In the original Sigiriya complex a gallery four to five feet wide, paved with slabs of limestone, and protected by a brick parapet on the outside ran alongside the western face of the rock. The inner face of the parapet was given a high polished surface - a durable glaze believed to have been contrived of lime, egg white and wild honey that gave it a mirror-like finish. The rockface above the gallery was decorated with fresco paintings of pretty women, given the appearance of looking down on visitors who passed along the gallery.

When the archaeological Survey was conducted a little over a century ago, only 22 frescoes were found protected in a pocket of rock 40 feet above the gallery, and only a small portion of the mirror wall remained. On this fragment of mirror wall were found a wealth of graffiti inscribed with metal styluses by visitors, giving their impressions of the "golden girls" above them - a great many of them in verse.

Professor Senarath Paranavitana, one-time Commissioner of Archaeology, deciphered and published nearly 700 of these graffiti. Here are some translations of the impressions of enraptured visitors who walked that gallery between the 6th and 10th centuries. One of them wrote:

"Sweet girl, standing on the mountain,
Your teeth are like jewels lighting up the lotus of your eyes."
Another
"The girl with golden skin
enticed my mind and eyes,
her lovely breasts made me recall

Swans drunk with nectar".
Yet another lamented the stony-hearted indifference of these damsels:

"We spoke but they did not responds,
The ladies of the mountain,
They did not give us even the
twitch of an eyelid.

There were many more verses in this vein, but none of them gave any indication of who the golden girls

were supposed to represent.
In fact one of the visitors did ask, tongue in cheek:
"Are they human or divine,
Had they been women
Could they possibly have
Remained silent, long

Yes indeed, who were the golden girls of Sigiriya? There have been several educated guesses. Bell, an early Archaeological Commissioner, thought they could represent the wives or ladies of king Kassapa's court.
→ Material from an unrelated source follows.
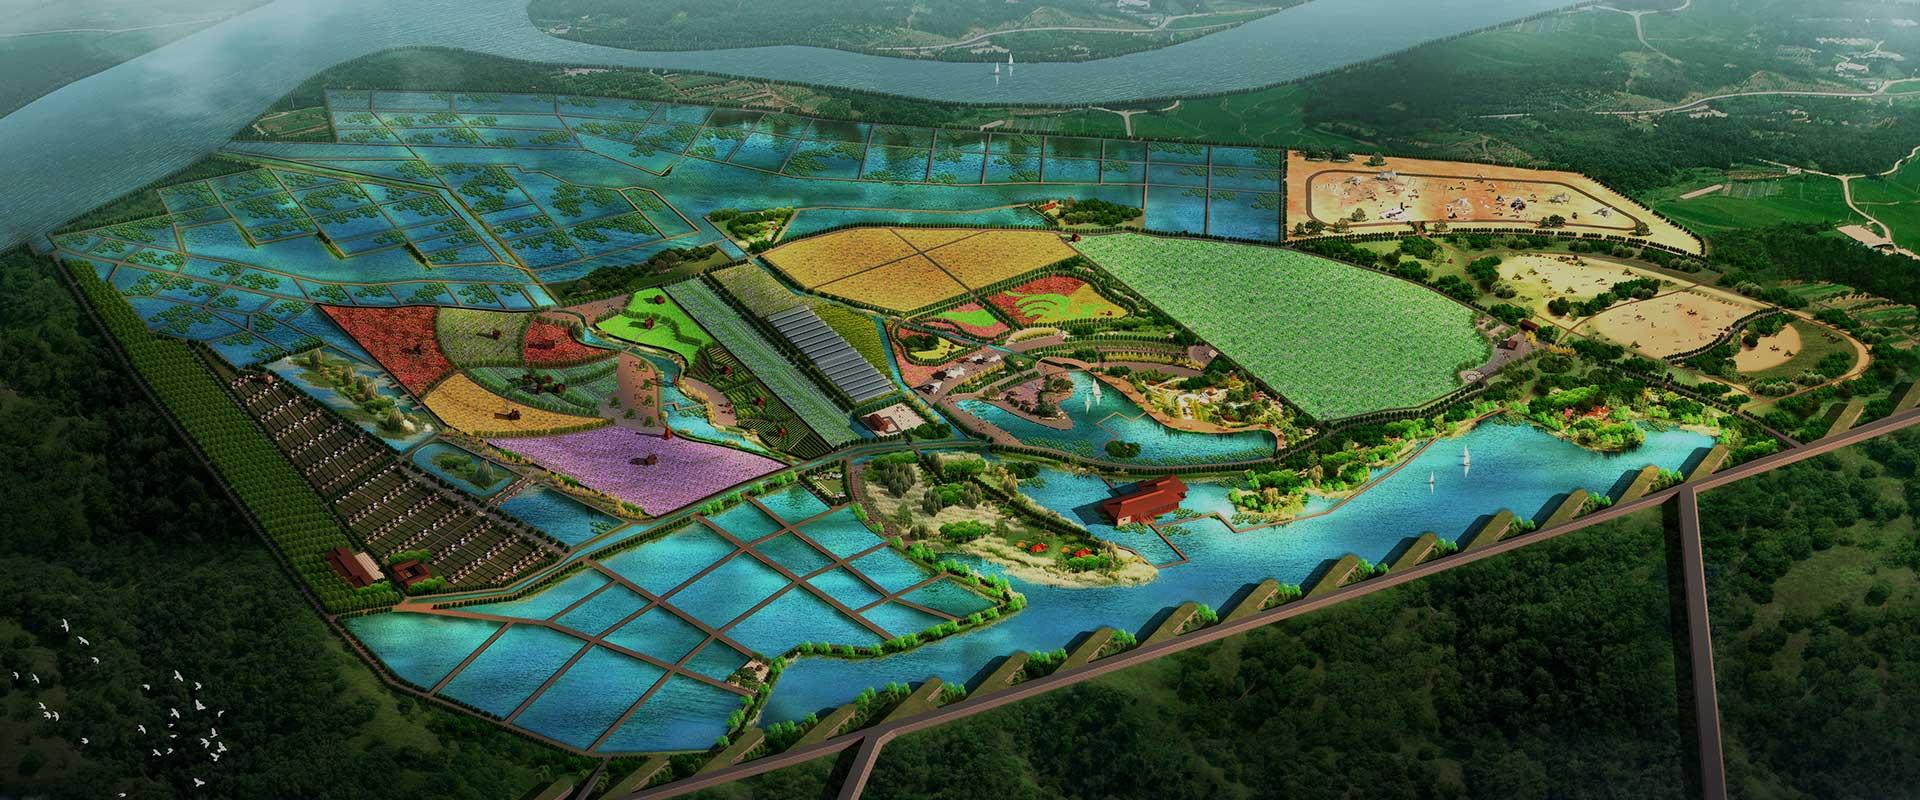 河南索凌黄河滩休闲农业生态园总体规划

But the very fact that their figures were cut off at the waist by clouds, suggested to others that they were celestial images or apsaras.

Professor Paranavitana, who advocated the theory that Sigiriya was built by Kassa pa as a symbolic representation of the paradise of Kuvera, god of riches, above the Himalayas, maintained that they were lightning princesses and cloud maidens.

And more recently another commissioner of archaeology Raja de Silva, has put forward a proposition that Sigiriya was never meant to be a palace in the sky, but rather a monastery of Mahayana Buddhism supported by King Kassapa, and that the golden girls were none other than Tara, consort of Avalokitesvara, a popular Bodhisatva of that faith.

This debate on the identity of the golden girls will I dare say continue with new meanings being attributed to them. It is however generally agreed that stylistically the Sigiriya frescoes are an off-shoot of the Gupta school of mural paintings found in the Ajanta Caves of India. But in a far simpler and more spontaneous composition - the only one of its kind in this country depicting sensuous women portrayed as a decoration, quite unlike the religious paintings which are narrative of the Buddha's life. In regard to the graffiti, although scribbling on walls is universally considered a disgusting habit, in this instance we must be grateful because they provided evidence of the high standard of Sinhala writing among the different social classes from the 6th to 10th centuries.

In the words of Professor Paranavitana they showed that "education was not confined to a small circle among the Sinhalese of those times".